EFFECTIVE DATE: October 13, 1995.
FOR FURTHER INFORMATION CONTACT: James Doyle or Alex Braier, Office of
Agreements Compliance, Import Administration, International Trade
Administration, U.S. Department of Commerce, 14th Street & Constitution
Ave., NW, Washington, DC 20230; telephone: (202) 482-0172 or (202) 482-
1324, respectively.
SUPPLEMENTARY INFORMATION:
Background
On October 16, 1992, the Department and Uzbekistan signed the
Agreement Suspending the Antidumping Investigation on Uranium from
Uzbekistan. On October 30, 1992, the Agreement was published in the
Federal Register (57 FR 49,220, 49,255). On September 30, 1994, the
Department and Uzbekistan initialed an Amendment to modify the Appendix
A price-tied quota contained in the original Agreement. The Amendment
was then released to interested parties for comment. The Department
considered these comments and held further consultations with
Uzbekistan.
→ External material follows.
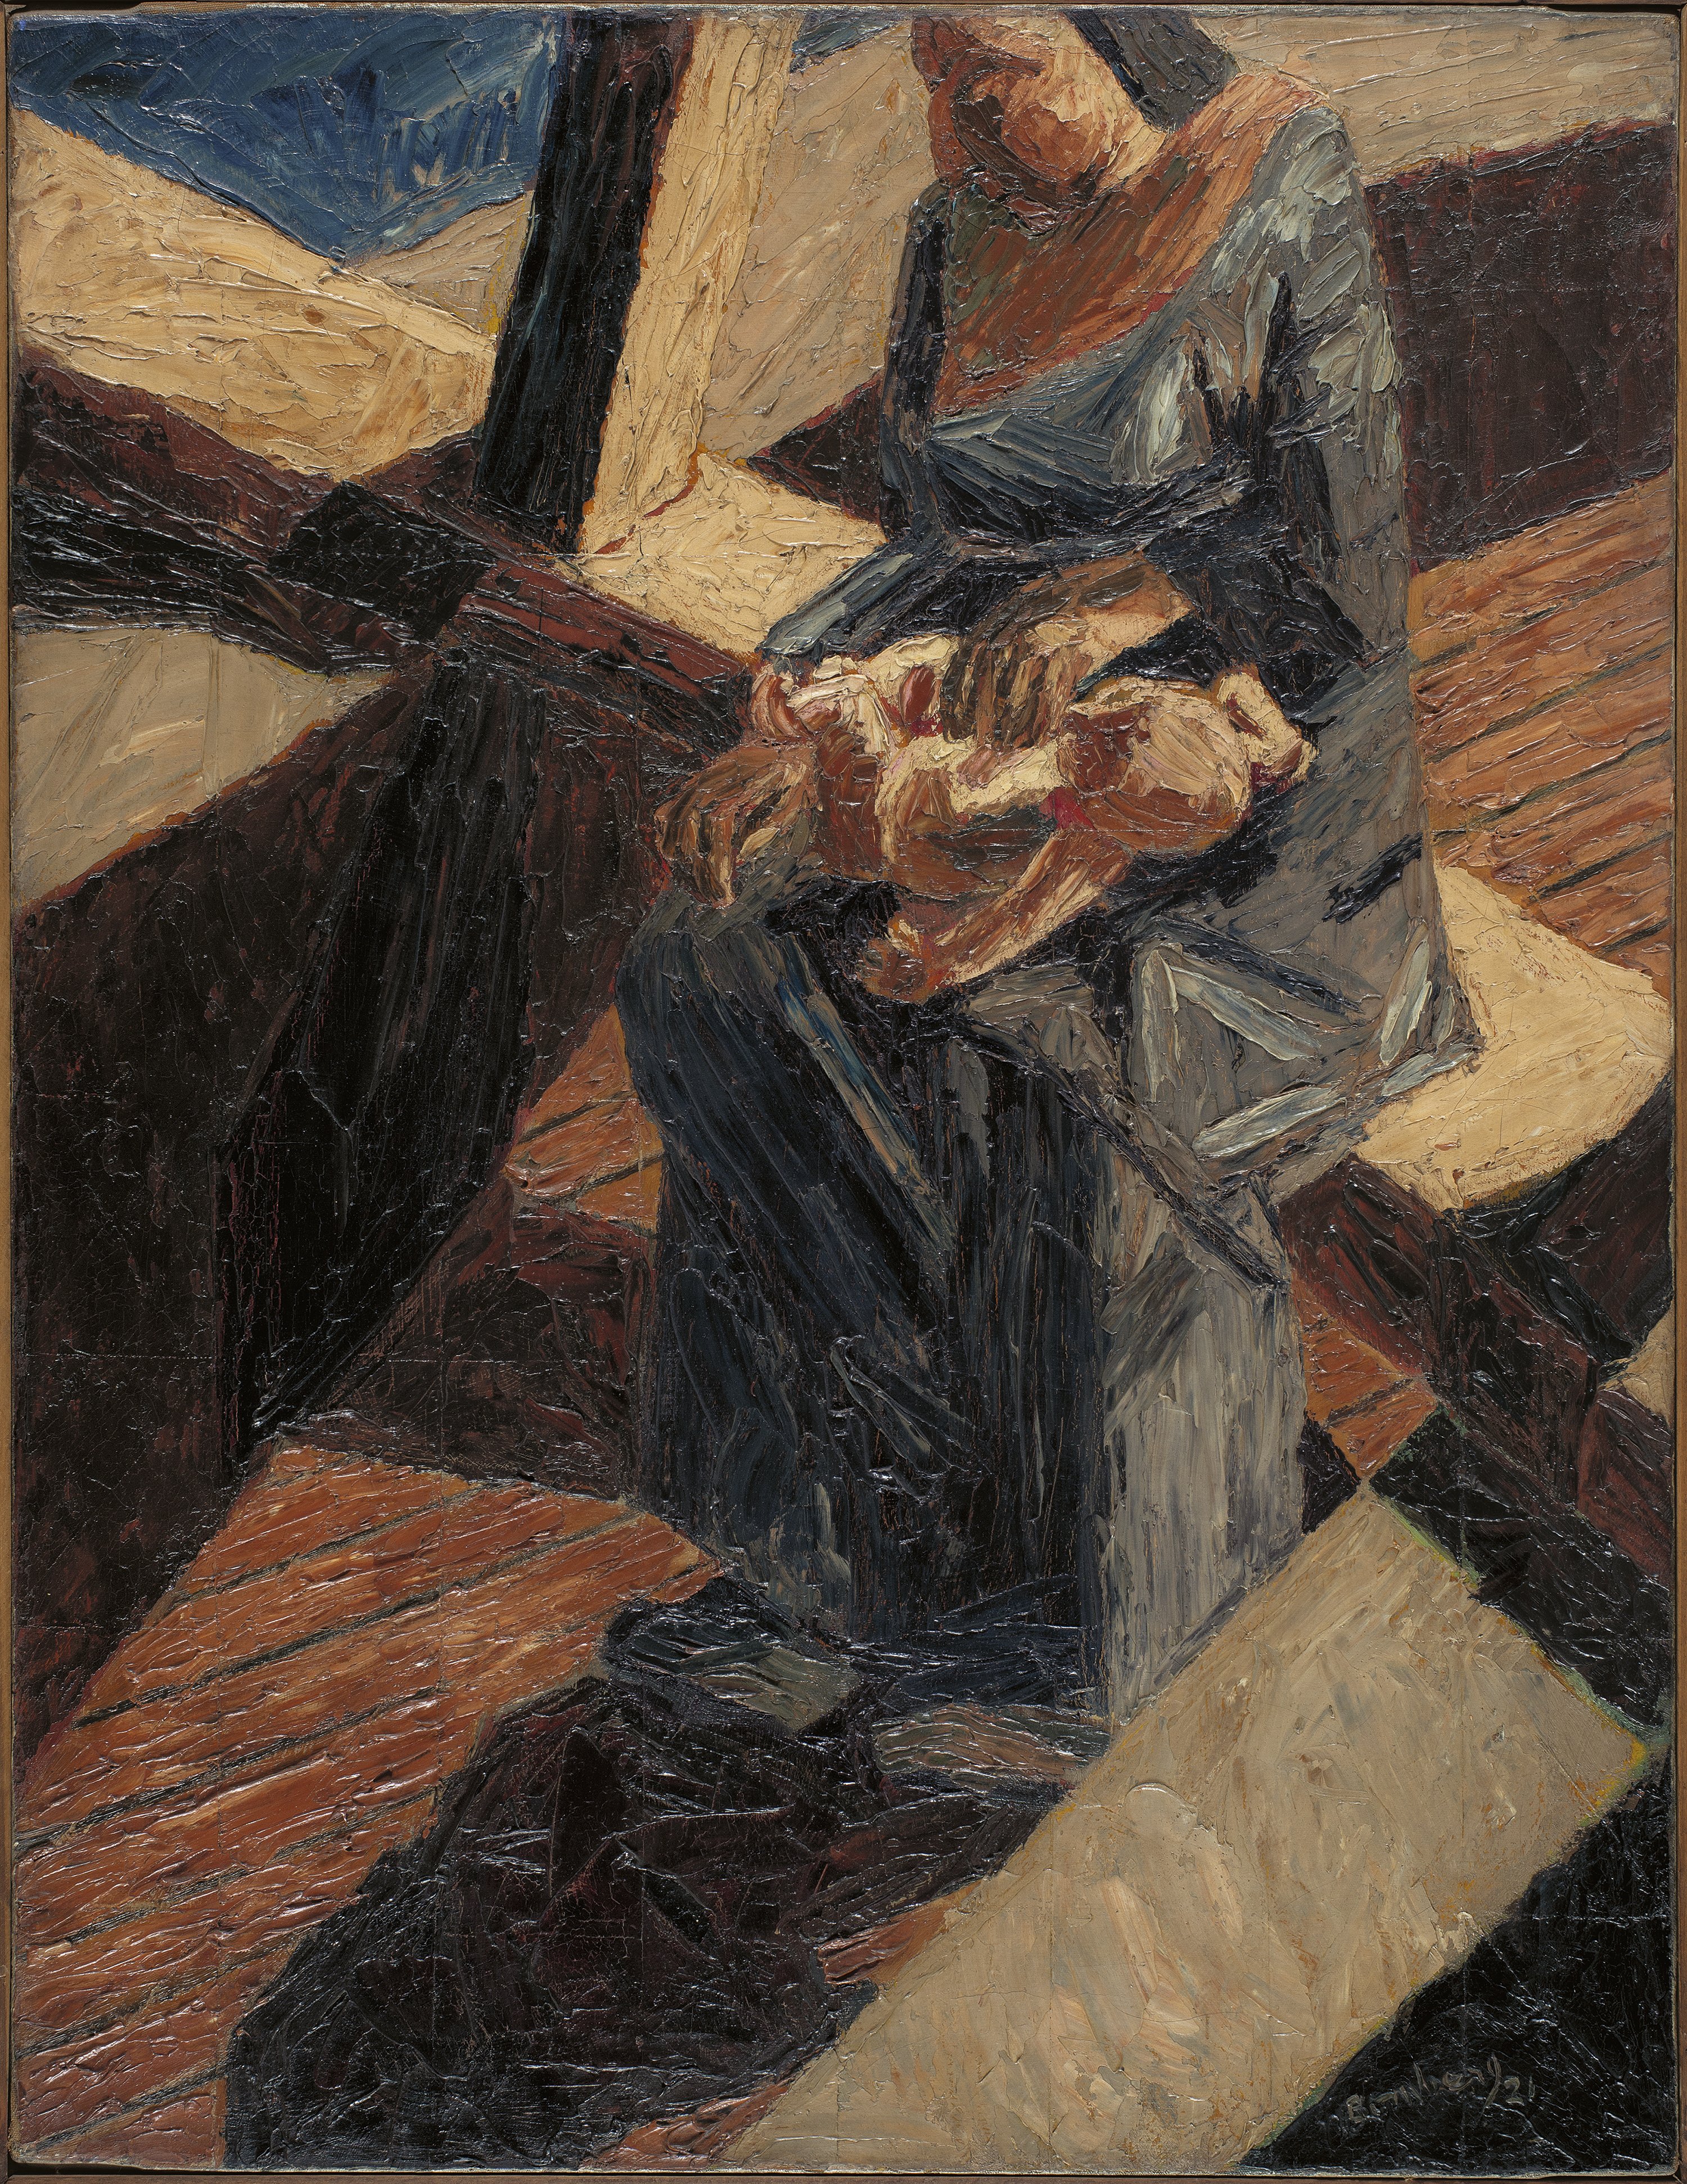 Bargee (Mother and Child). Barquera (Madre y niño), 1921

On July 21, 1995, the Department and Uzbekistan initialed
an amendment similar to the previous amendment except that this
amendment contained clauses which redefined Uzbek-origin uranium to
include uranium mined in Uzbekistan and enriched in a third country.
This amendment was also released to interested parties for comment,
which were again considered by the Department.
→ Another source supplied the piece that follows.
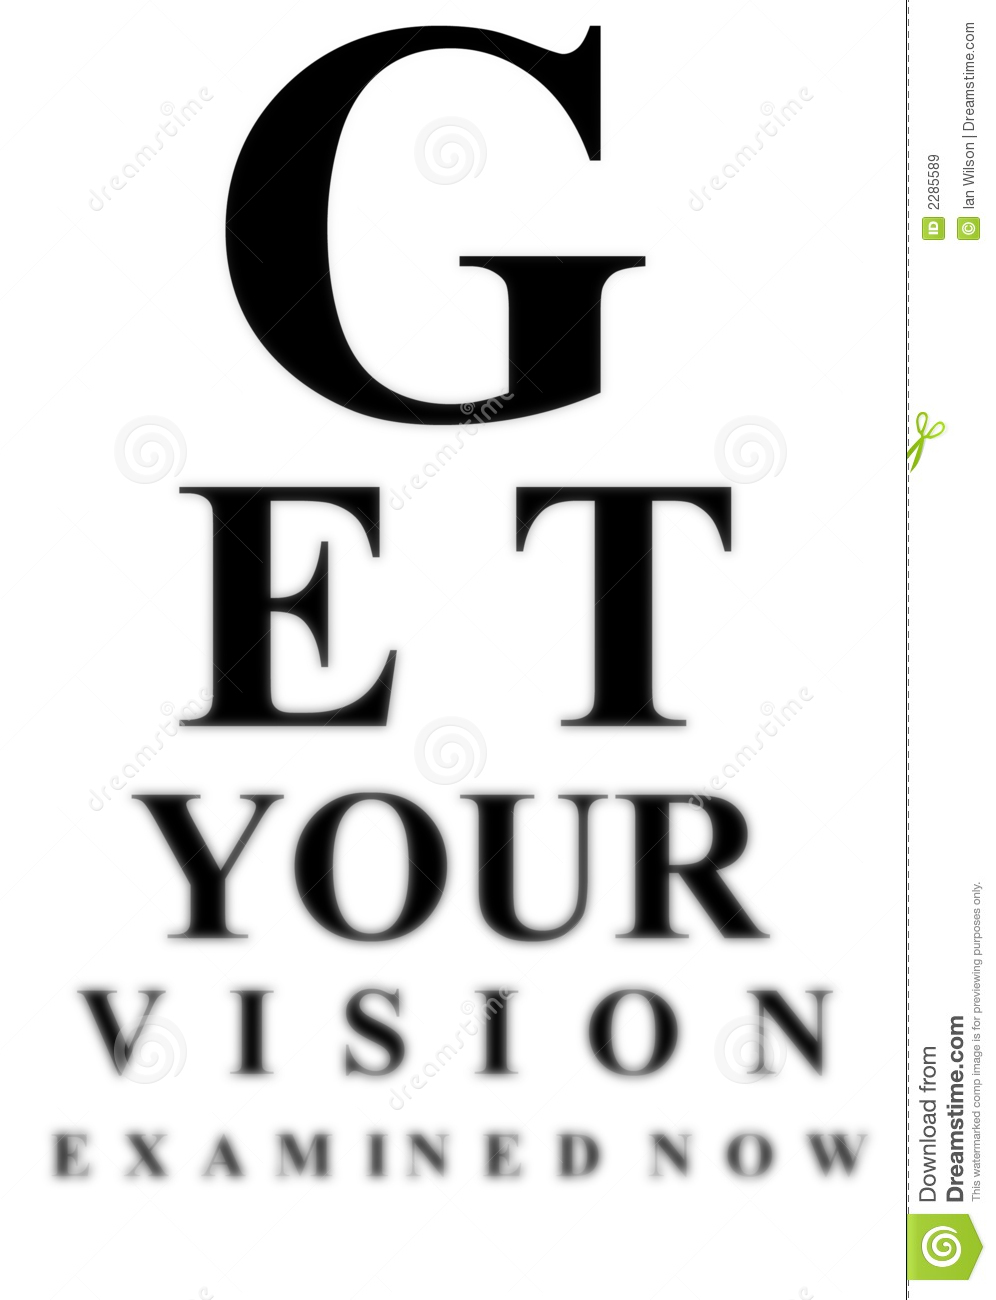 Get Your Vision Examined Now Blurring As The Letters Get Smaller

Subsequently, the Department and Uzbekistan negotiated an Amendment
based upon a different concept than the two amendments previously
initialed. This Amendment replaces the reference price calculation, and
authorizes,during the first and second years of the Amendment direct or
indirect deliveries of up to 940,000 pounds U3O8 equivalent
per year of Uzbek-origin natural uranium from Uzbekistan to the United
States, provided that the latest price calculated pursuant to Section
IV.C.1 is at or above $12.00 per pound equivalent. Commencing with the
third year (October 13, 1997), this Amendment authorizes Uzbekistan to
make annual deliveries of uranium up to, but not exceeding, the levels
in accordance with the production-tied quota table set forth in
Appendix A. The Amendment retains the provision redefining Uzbek-origin
uranium to include uranium mined in Uzbekistan and enriched in a third
country. On October 13, 1995, the Department and Uzbekistan signed a
final Amendment which took effect immediately. The text of the final
Amendment follows this notice.
Dated: October 20, 1995.
Joseph A. Spetrini,
Deputy Assistant Secretary for Compliance.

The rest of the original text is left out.